E.U. Calls For U.N. Probe of Myanmar Rohingya Human Rights Violations

Camp for internally displaced Rohingya Muslims in Myanmar
Boys stand among debris at a camp for internally displaced Rohingya Muslims in Myanmar, May 3. A report has found that 40.8 million people are now internally displaced. Soe Zeya Tun/Reuters

The European Union called on Thursday for the United Nations to send an international fact-finding mission urgently to Myanmar to investigate allegations of torture, rapes and executions by the military against the Rohingya Muslim minority.

A U.N. report last month, based on interviews with survivors in Bangladesh, said the Myanmar army and police had committed mass killings and gang rapes of Rohingya in a campaign that may amount to crimes against humanity and ethnic cleansing.

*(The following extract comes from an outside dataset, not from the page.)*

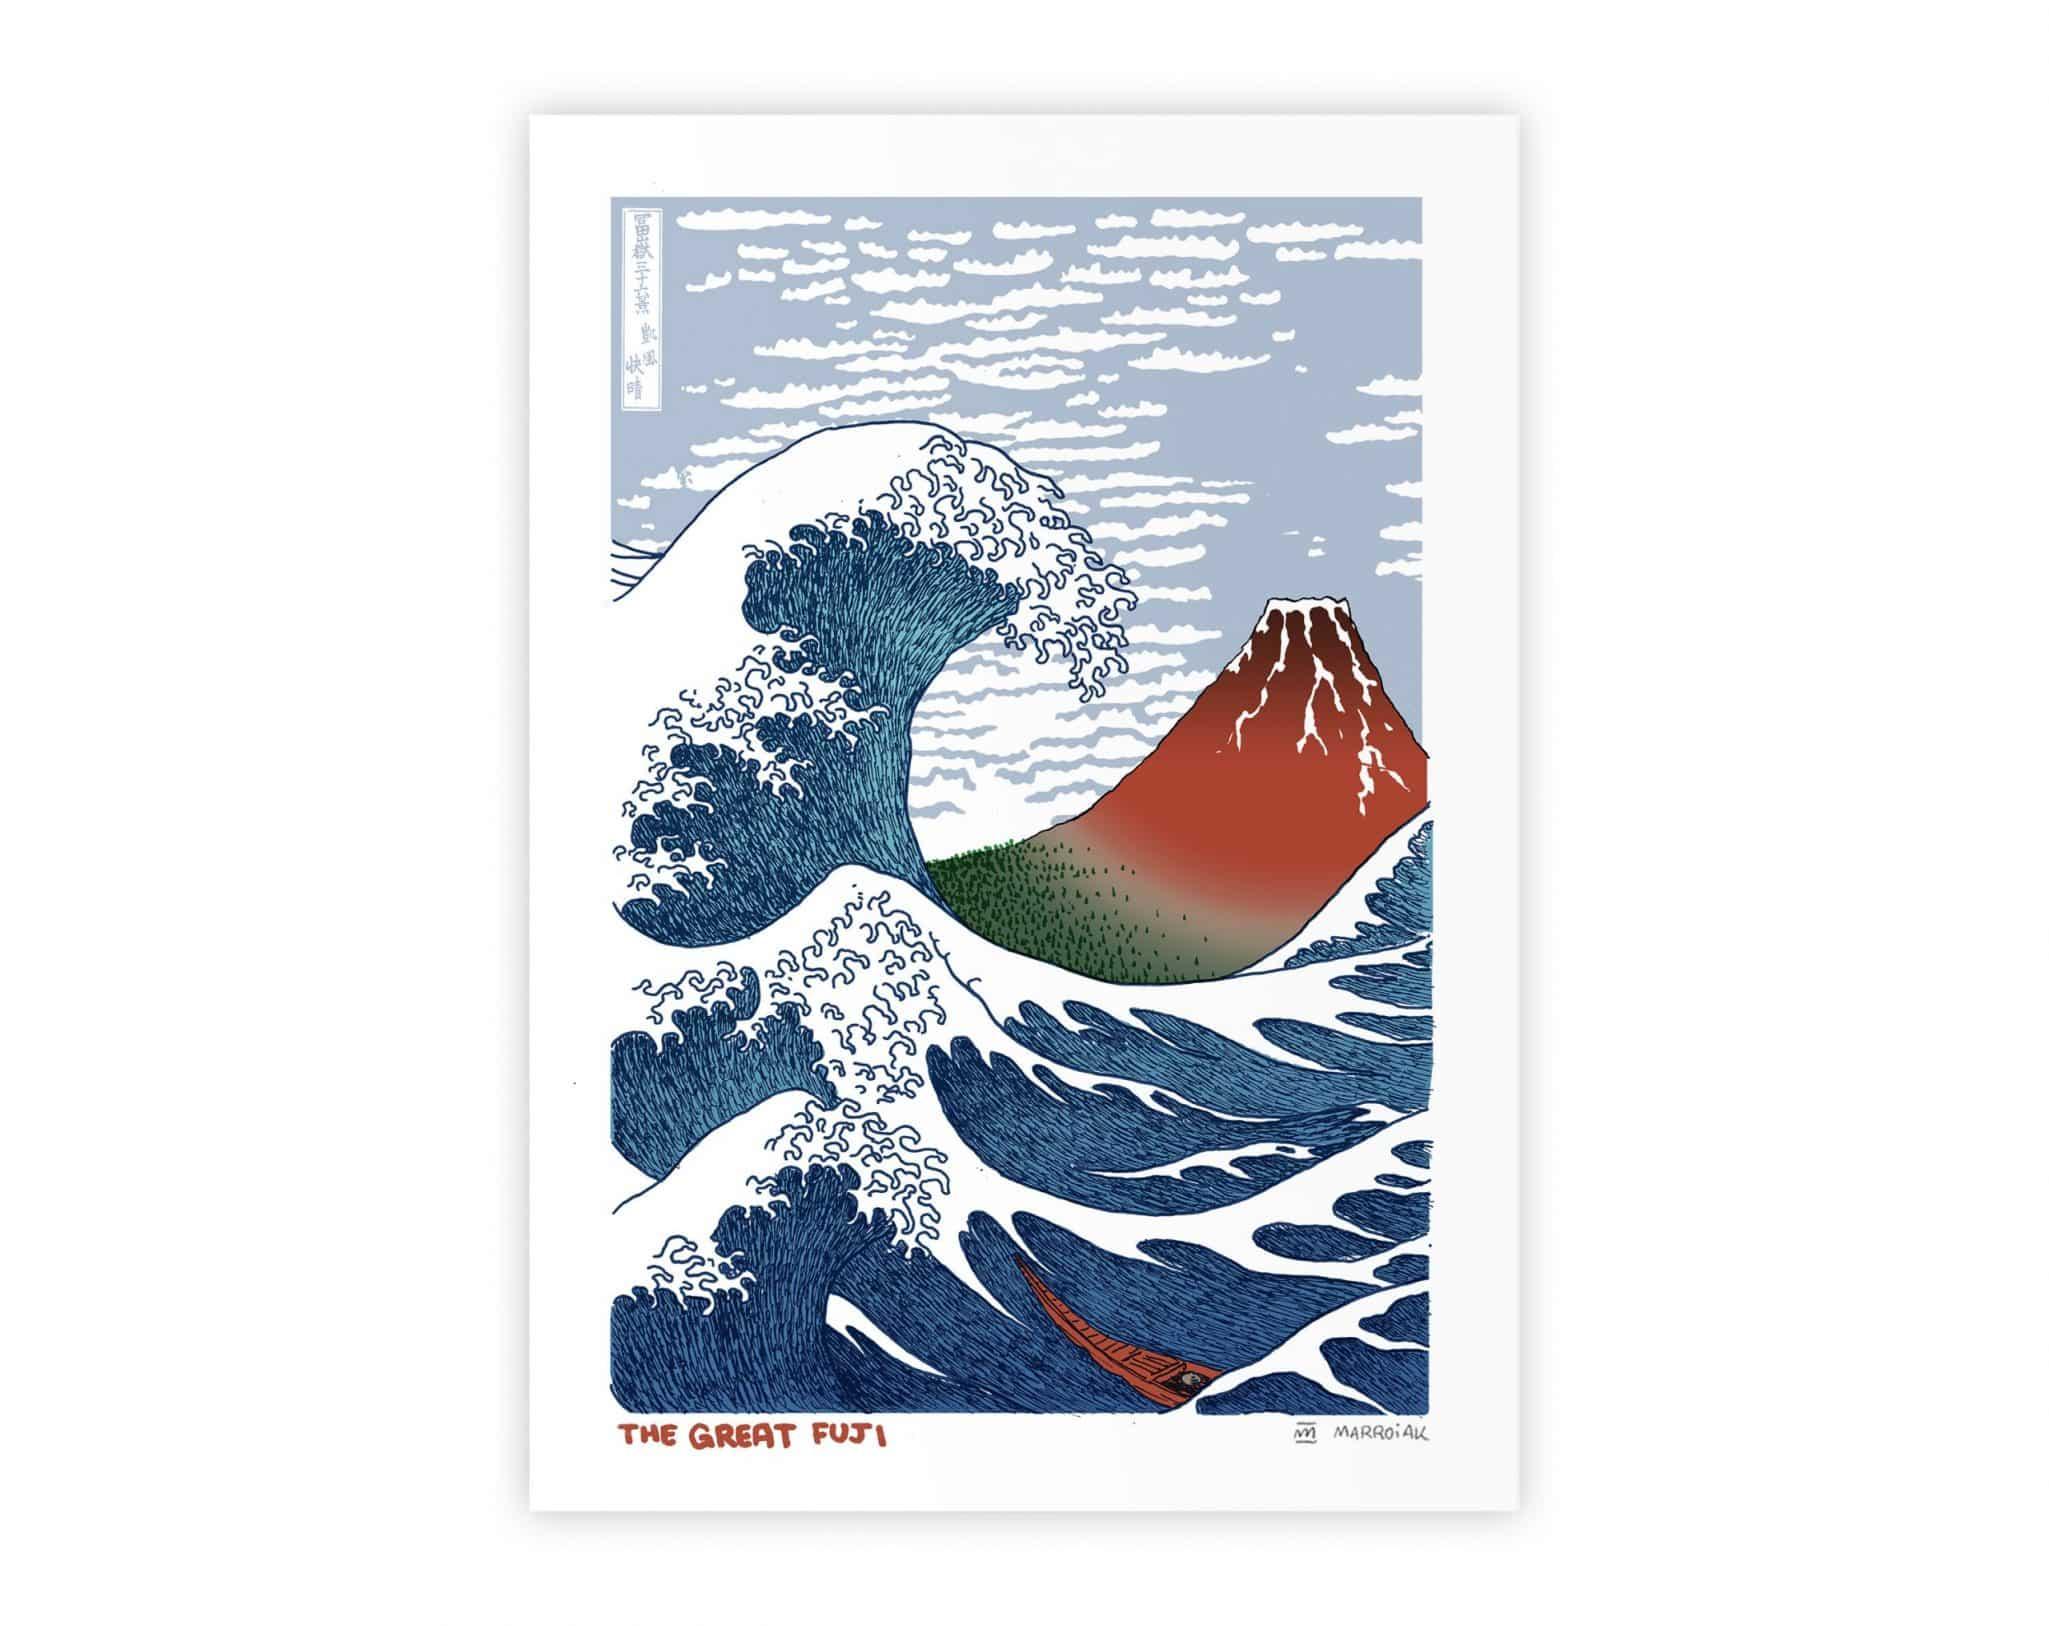 Mashup con un dibujo del artista ukiyo-e japonés Hokusai. La Gran Ola y el Fuji Rojo. Art Remixes. Ilustración

The EU draft resolution, submitted to the U.N. Human Rights Council, strengthens language in an earlier draft circulating that stopped short of demanding an international probe into alleged atrocities.

The 47-member forum, currently holding a four-week session, is to vote on resolutions from March 23-24.

If adopted, the Council would "dispatch urgently an independent international fact-finding mission" to Myanmar to investigate violations "with a view to ensure full accountability for perpetrators and justice for victims".

Some 75,000 people have fled Rakhine state to Bangladesh since Myanmar's military began a security operation last October in response to what it says was an attack by Rohingya insurgents on border posts in which nine police officers were killed.

The U.N. Security Council will be briefed behind closed doors on Friday on the situation in Rakhine state, at the request of Britain, diplomats said in New York.

The EU resolution calls on the government of Aung San Suu Kyi to "fully cooperate with the fact-finding mission, including by making available the findings of the domestic investigations".

Activists say that national efforts have not been credible and have called for an international inquiry.

Myanmar has denied almost all allegations of human rights abuses in northern Rakhine and says a lawful counterinsurgency campaign is under way.

Yanghee Lee, U.N. special rapporteur on Myanmar, told the rights council on Monday that the government may be using bureaucratic means to get rid of the Rohingya. She cited dismantling of homes and use of a household survey whereby those absent may be struck off the list that could be the only legal proof of their status.

A panel led by former U.N. chief Kofi Annan said earlier on Thursday that Myanmar should immediately start allowing Rohingya to return home and ultimately close rundown camps for the displaced.